TASK MATERIAL:

####

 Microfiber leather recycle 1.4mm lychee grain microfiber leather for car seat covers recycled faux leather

####

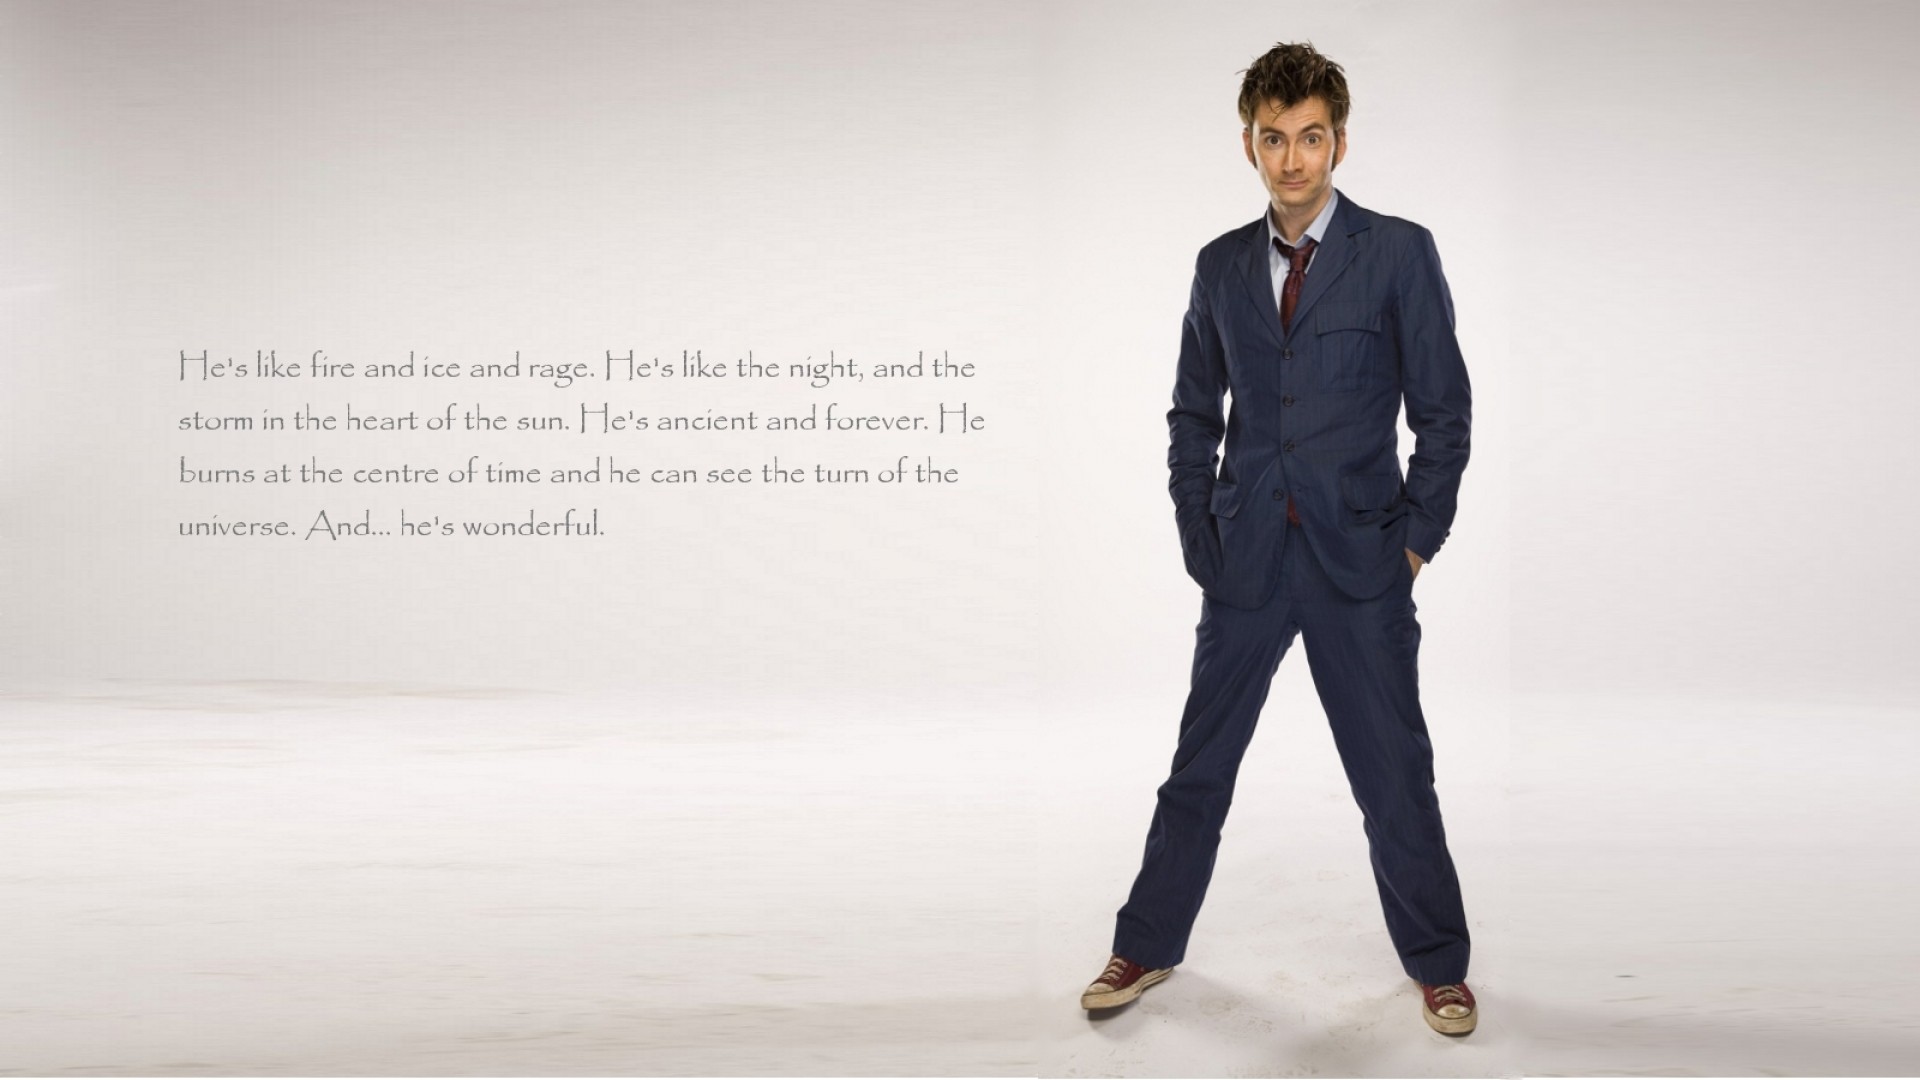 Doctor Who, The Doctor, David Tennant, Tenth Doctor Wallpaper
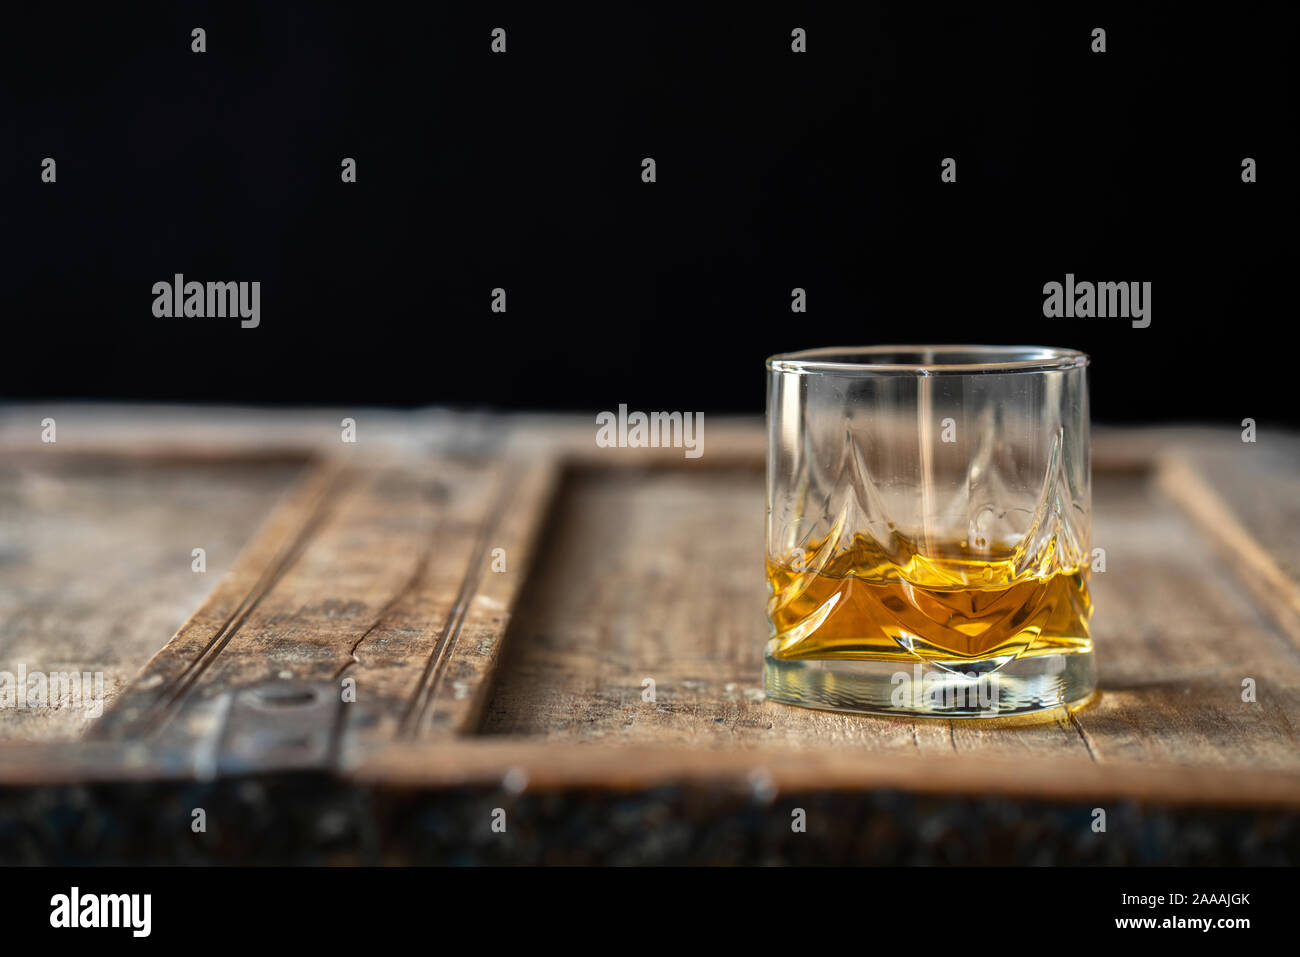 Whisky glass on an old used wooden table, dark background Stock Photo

####

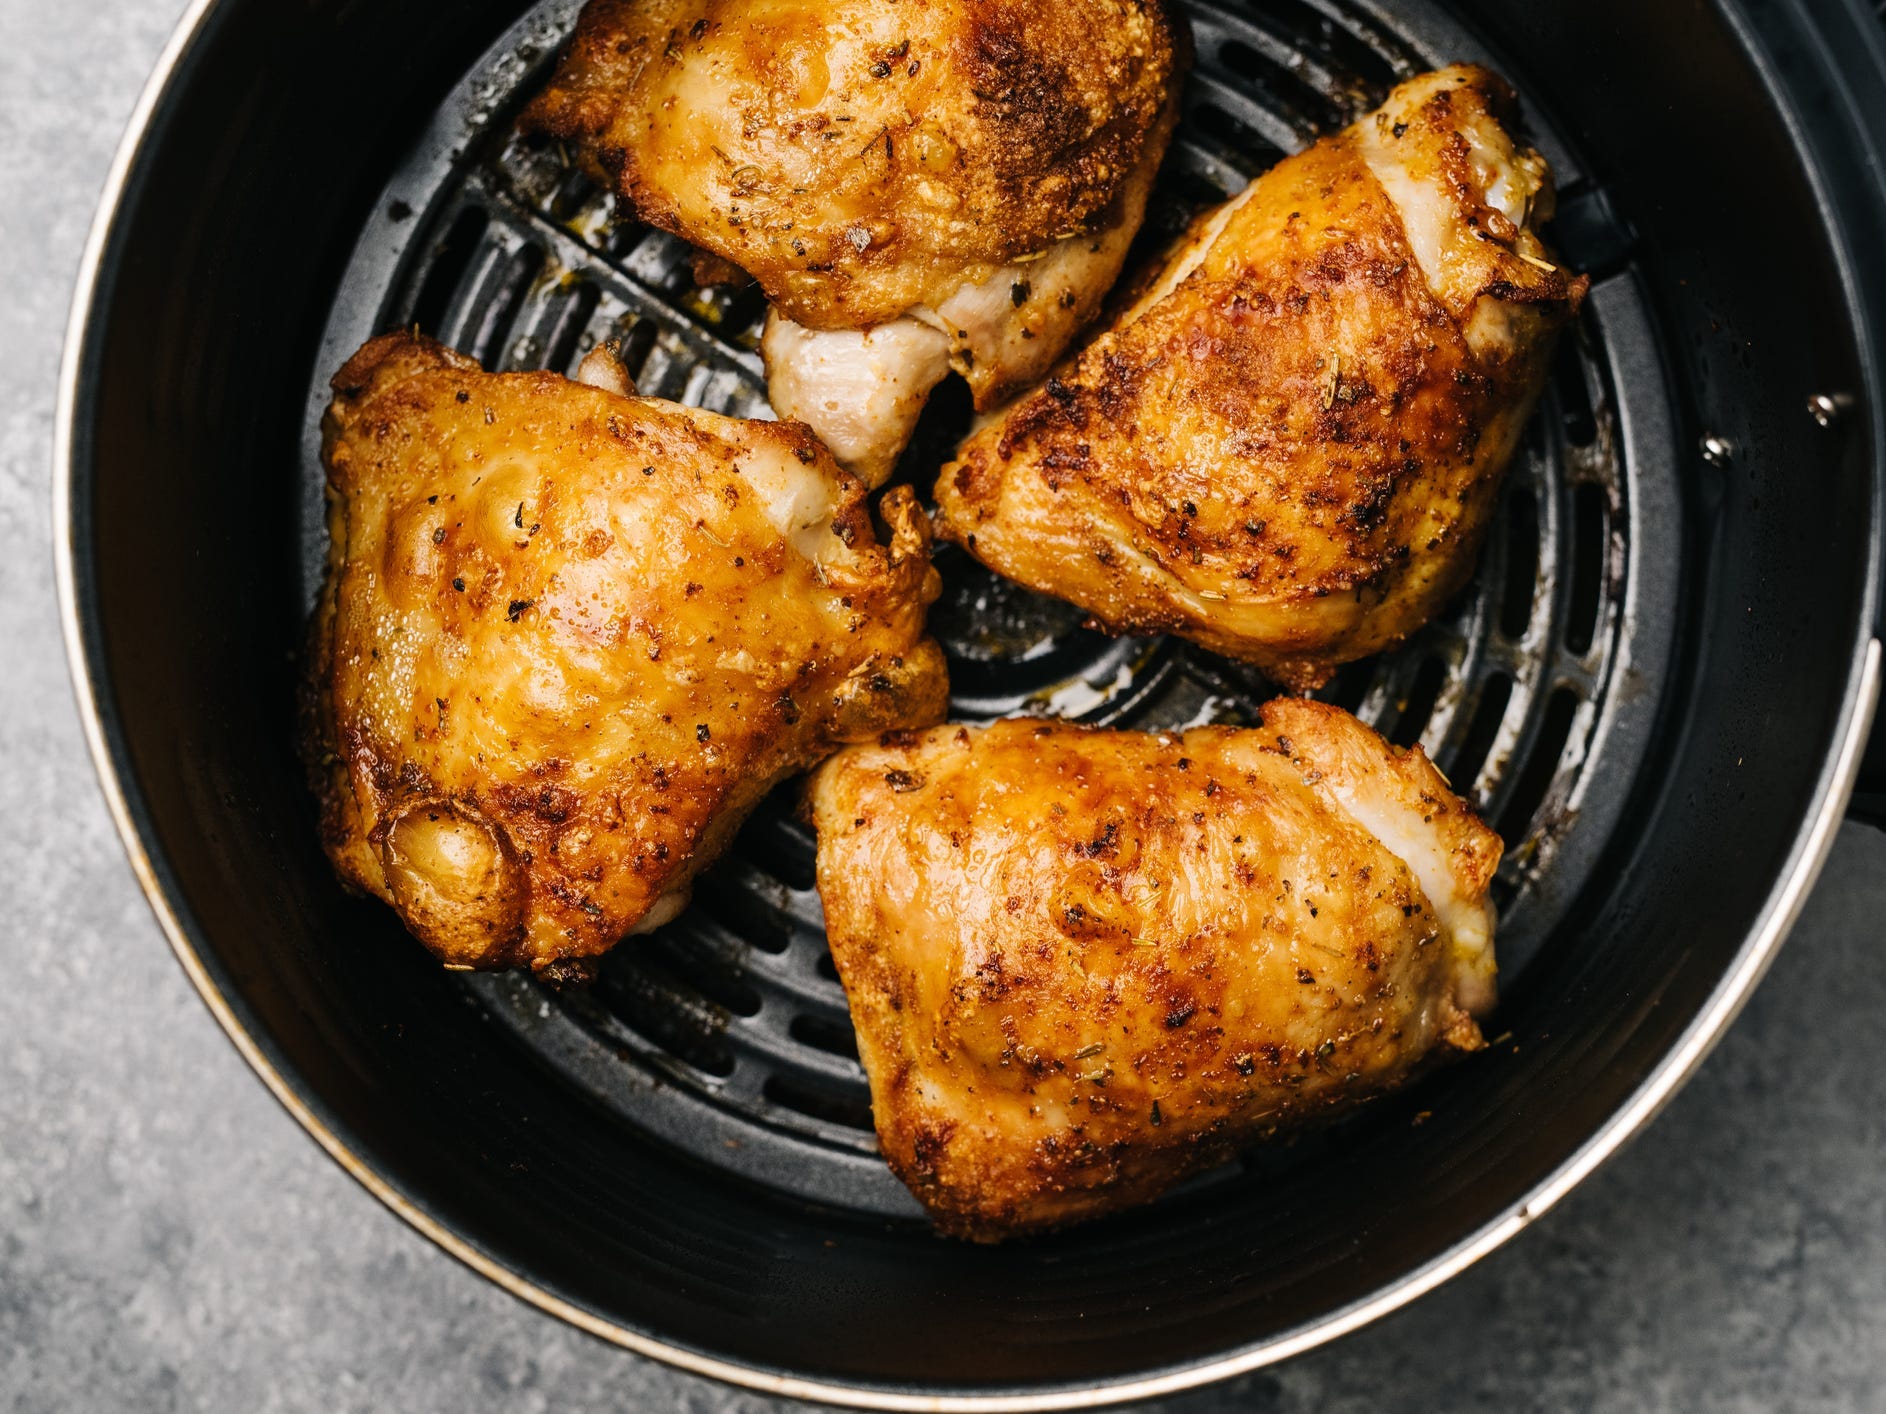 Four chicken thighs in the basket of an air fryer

####

ASSIGNED TASK:
Please copy the lines above exactly, starting at the line that holds "Doctor Who, The" and ending at the line that holds "Whisky glass on"; include both, but no pictures.

OUTPUT OF THE TASK:
 Doctor Who, The Doctor, David Tennant, Tenth Doctor Wallpaper
 Whisky glass on an old used wooden table, dark background Stock Photo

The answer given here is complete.